Jean-Bernard Lévy estime qu'«EDF reste une entreprise extrèmement solide». Mais l'est-elle assez pour faire face au mur d'investissements qui attend le groupe ? Entre les travaux de «grand carénage» pour prolonger la durée de vie de ses centrales, le démantèlement de ses vieux réacteurs ou encore le projet des deux EPR britanniques d'Hinkley Point, EDF va devoir investir au total plus de 165 milliards d’euros d’ici 2025, soit plus de 15 milliards par an, estime Greenpeace…

EDF admet de son côté 10 milliards d'euros d'investissement annuel et met en avant son plan d'économies d'1 milliard d'euros d'ici 2019, qui va notamment se traduire par 5 000 suppresions de postes (sans licenciements). Etude à l’appui, Greenpeace estime qu'il manque aujourd'hui au moins 50 milliards d'euros dans les caisses du groupe pour payer l'addition à venir du nucléaire et parle en conséquence de «faillite» potentielle. Evidemment, EDF dément et défend mordicus la sincérite de ses comptes.

Pour boucler ses fins de mois d'ici 2018, EDF va heureusement pouvoir compter sur une augmentation de capital de 4 milliards d'euros qui devrait être bouclée d'ici la fin du premier trimestre. L'Etat actionnaire, qui détient 85,6% de l'entreprise, y souscrira à hauteur de 3 milliards. Oui, mais après ? «EDF n'est plus en mesure de générer le cash nécessaire pour financer sa fuite en avant dans le nucléaire, le groupe court à la faillite. La seule conclusion qui s'impose, c'est sortir de l'atome pour réinvestir massivement dans les énergies renouvelables qui sont aujourd'hui moins chères et moins risquées», tranche sans surprise Cyrille Cormier, chargé de campagne Energie chez Greenpeace.

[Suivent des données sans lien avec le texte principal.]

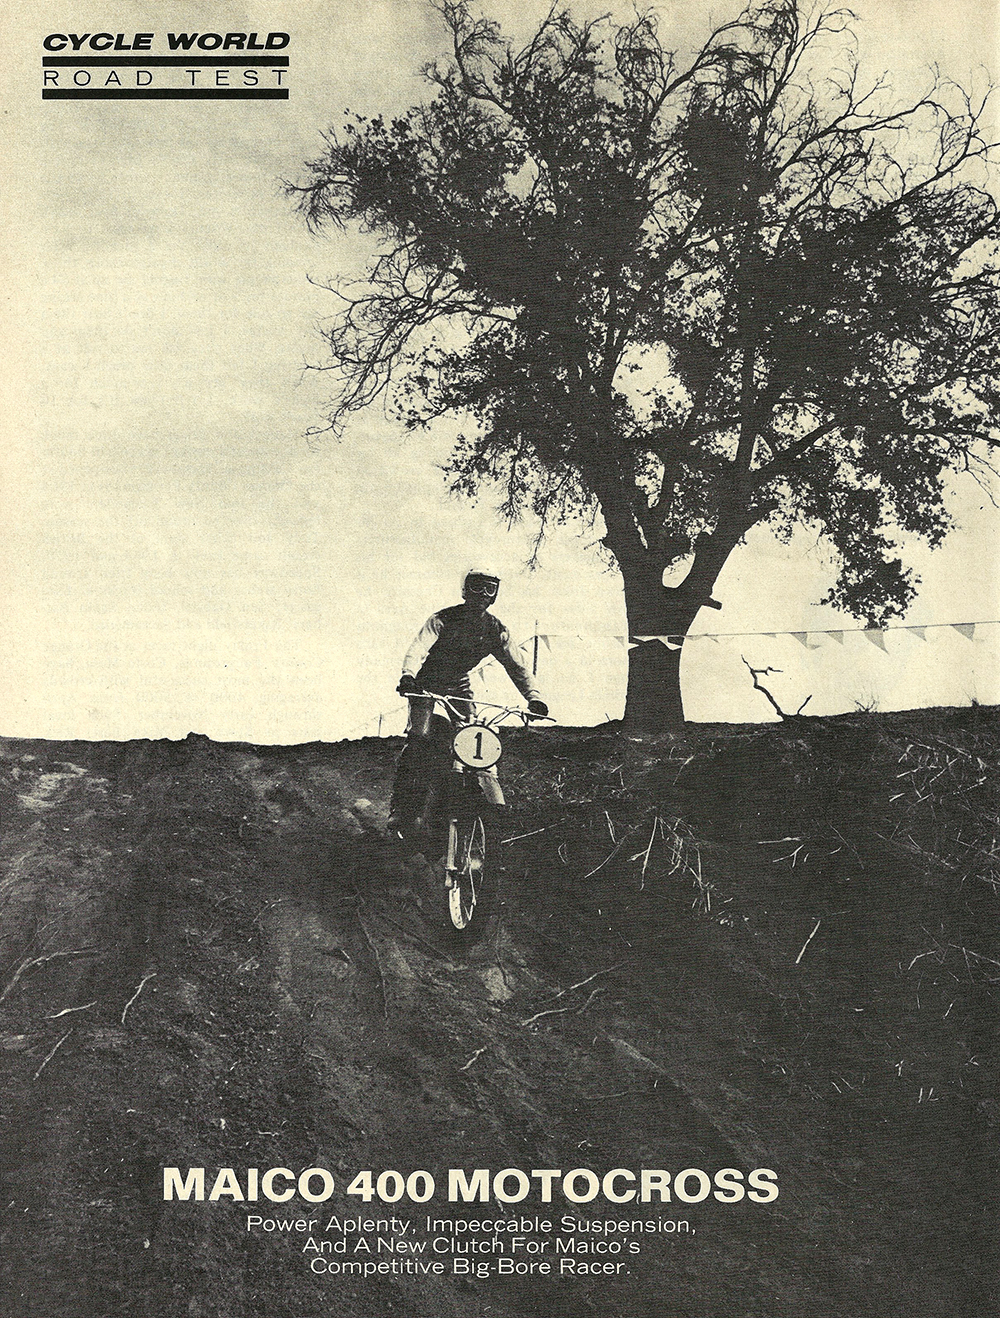 1971 Maico 400 Motocross road test 01.jpg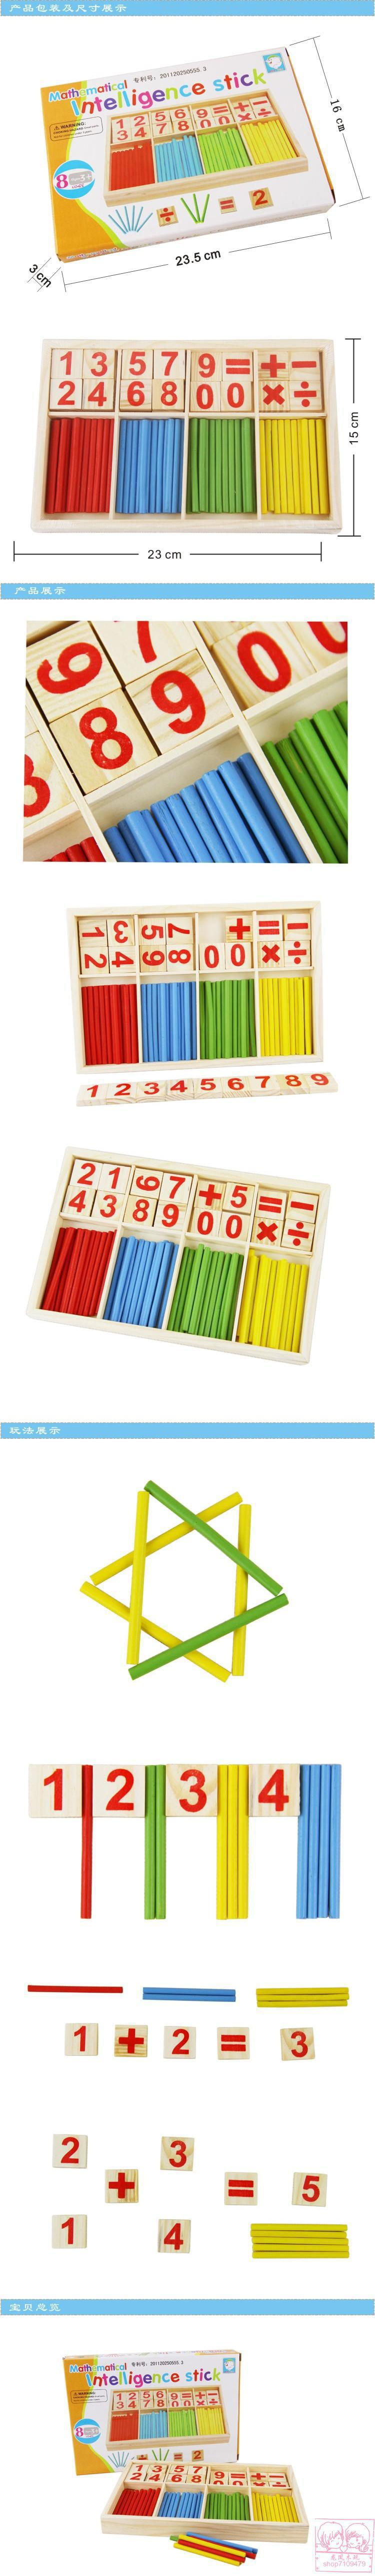 Montessori Holzzahl Math Game Sticks Box Lernspielzeug Puzzle Lehrmittel Set Materialien

Mais EDF n'en prend pas vraiment le chemin. En 2016, les éoliennes et autres fermes solaires d'EDF Energies Nouvelles n'ont contribué qu'à hauteur de 1,1 milliard d'euros aux 71 milliards de chiffre d'affaires du groupe. Et Jean-Bernard Lévy continue à vanter «l’apport inestimable du nucléaire» qui fournit à la France 76% de son électricité «à un prix compétitif» et «des emplois industriels qui se font rares ailleurs». Pour lui, l'après-nucléaire n'est pas pour demain. Enfin, sauf accident.